Health & Fitness: Is Being Black in America Dangerous to Your Health?
Contributing Writer: Jamistew
RN & Master of Public Health Studies Graduate Student
If your name is Eric Garner, Mike Brown, Trayvon Martin, John Crawford, or Ezell Ford, then the obvious answer to this question is yes. The list could go on, but even if you’re fortunate enough not to be shot in cold blood in the street, can being Black in America have a negative effect on your overall health and well-being? According the numbers, the answer is also a resounding “Yes”.
To start, black people living in America have significantly different health outcomes when compared to other racial groups in the nation. We suffer disproportionately from a myriad of health conditions ranging from diabetes, heart disease, high blood pressure, to cancer.
There are numerous factors that come into play when considering health outcomes. Unhealthy behaviors like smoking, substance abuse, poor dietary habits, occupational stress, and reduced access to quality health care are all factors that play a critical role in determining the health of a group of people – and Black people in America are leading the races in almost all categories. Consequently, what is the common denominator that makes us so vulnerable? You guessed it…Racism.
Is the government aware of this? Absolutely. No matter how much we are told to pull ourselves up by our bootstraps, the recognition of health inequalities in the nation is a hot topic. Reducing racial and ethnic disparities in healthcare has been listed as one of the nation’s top goals for many years; but a goal on paper doesn’t always equate to effective health programs.
Every 10 years the Department of Health and Human Services publishes its national goals for the next 10 years, and the goals for 2020 are no closer to being met than they were in 2010.
I’ll let the statistics speak for themselves…
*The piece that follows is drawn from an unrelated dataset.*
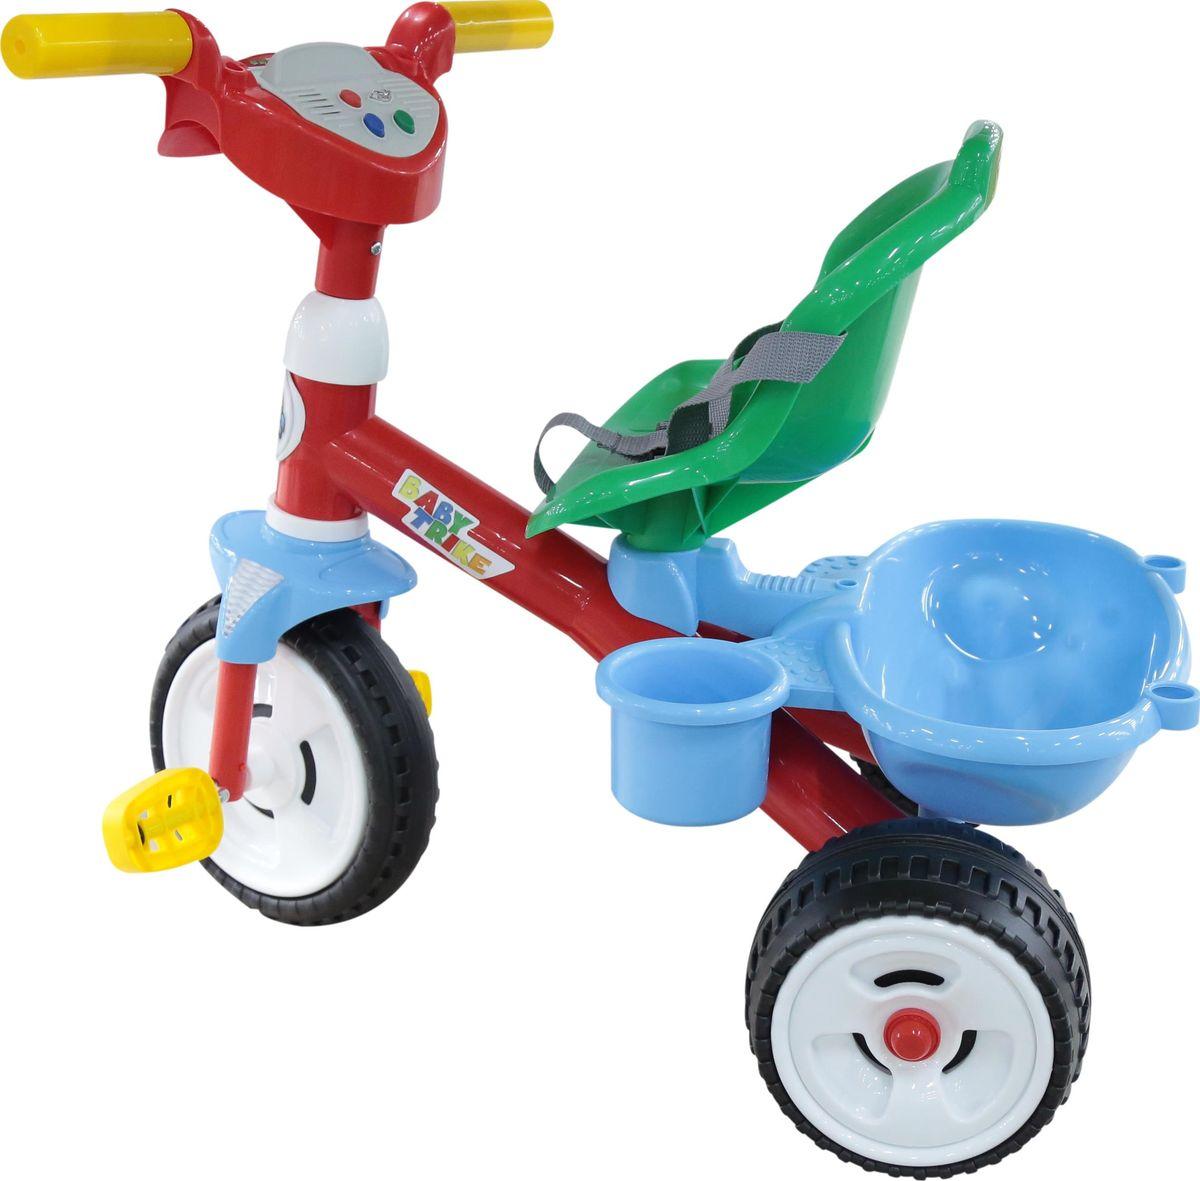 Полесье Велосипед трехколесный Беби Трайк с ручкой и ремешком 4673446734Полесье Велосипед трехколесный Беби Трайк и ремешком

Twice as many African American infants die compared to the national average due to preterm birth weight and complications in pregnancy - and the rate of preterm birth among African Americans is higher than any other ethnic group in the nation.
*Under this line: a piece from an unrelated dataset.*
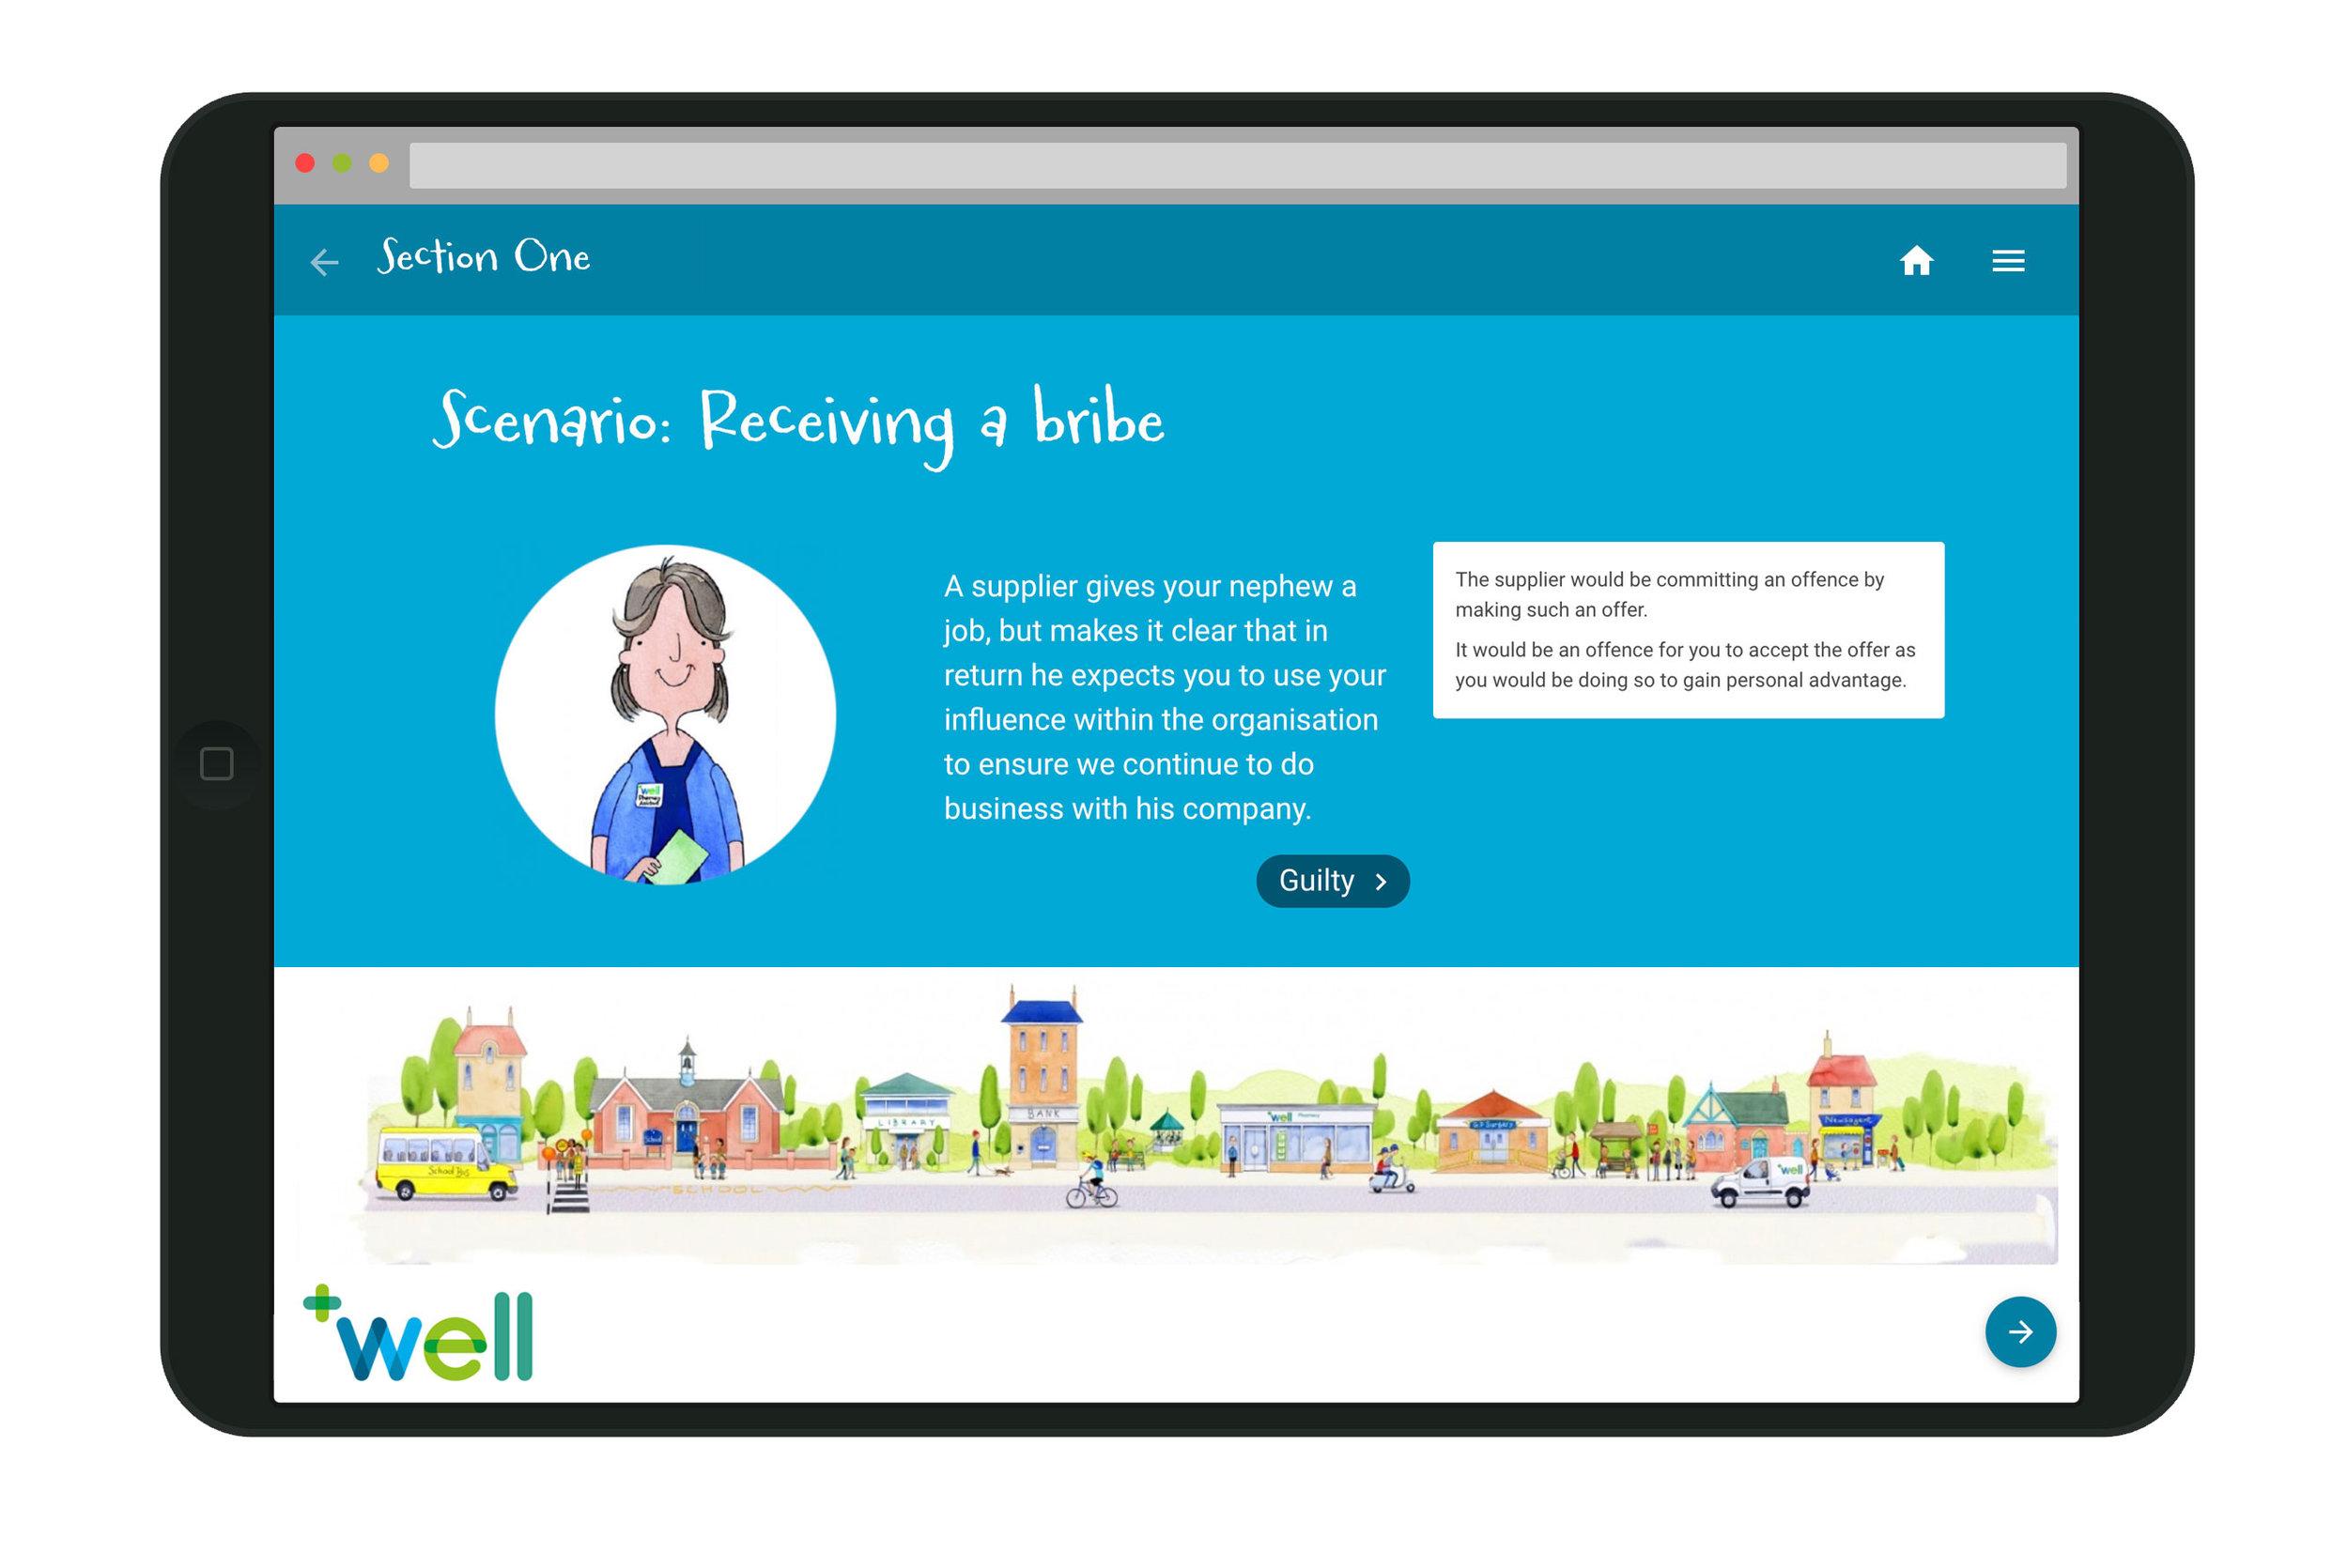 ipad-well-screen-3.jpg

Cancer mortality rate among African Americans is 25% higher than Whites from all types of cancer. The rate is 50% higher for Black men than for White men.
Diabetes affects African Americans 70% more than Whites. Even with adequate medical insurance, there is a gap between Blacks and Whites, and we are more likely to be hospitalized as a result of this disease.
African Americans experience more risk factors for heart disease including high blood pressure, high cholesterol, smoking, obesity, and lack of physical activity. We suffer more from all these risk factors than any other racial group.
African Americans account for almost 50% of new cases of HIV/AIDS, yet we only make up approximately 13% of the total population with most new cases being Black women. 1/3 of us have never been tested.
The experience of chronic racism has a direct influence on the development and treatment (or lack thereof) when it comes to these diseases. Racism, stress, perceptions of lack of control, and poor coping mechanisms cause a chain reaction of harmful biological processes that eventually lead to poor health outcomes.
Racism and discrimination is manifested in discrepancies in access to health care, negative health provider attitudes (Tuskegee experiment anyone?), social inequalities, and residential segregation. Interestingly, even in the presence of equal socioeconomic status among Blacks and Whites, there is still a higher risk of disease and premature death among African Americans, and despite the somewhat improved condition of our lives, the legacy of poor health doesn’t seem to go away. As a result, we lack proper prenatal care, inadequate health screenings and disease detection, lack of follow up, and lack of access to proper treatment.
The harmful effect of chronic racism sets in motion a number of physiological responses we may not even be aware of that results in increased stress hormones, increased blood pressure, increased heart rate, suppressed immune system response, and a premature wearing down of the body leading to a greater tendency to develop disease. Racism related stress also has a direct effect on mental health as experiencing unfair treatment and social disadvantage can worsen stress and any present mental health conditions.
Recent studies have shown that college educated African American women consistently have high rates of preterm birth due to high levels of stress hormone in the placenta, putting the mother at further risk of heart disease, high blood pressure, and diabetes later in life. Living in residential segregated neighborhoods with concentrated poverty and lack of economic opportunities increases chances of exposure to stressful environments along with fewer resources which all relate to poor health status. This invariably is linked to social problems, substance abuse, teen pregnancy, crime, violence, unemployment, anxiety, lack of healthy food, etc. resulting in higher rates of death and disease.
The bottom line is that repeated experiences with racism results in stress, higher blood pressure, and eventual development of disease. So is there anything we can do?
First, we can start by strengthening ourselves. Become more physically active and institute a healthy lifestyle with proper diet and exercise. Find ways to eat healthy on a budget and try to incorporate moderate exercise a few times a week.
Second, let’s start strengthening our communities. Get involved in community organizations. Support local leaders, clubs, educational institutions, and participate in developing support networks to help bring health promoting organizations and activities to where you work and live.
It is time to get involved. We can’t wait for the government to implement programs to fix our health issues. It must begin with us. We are all we got.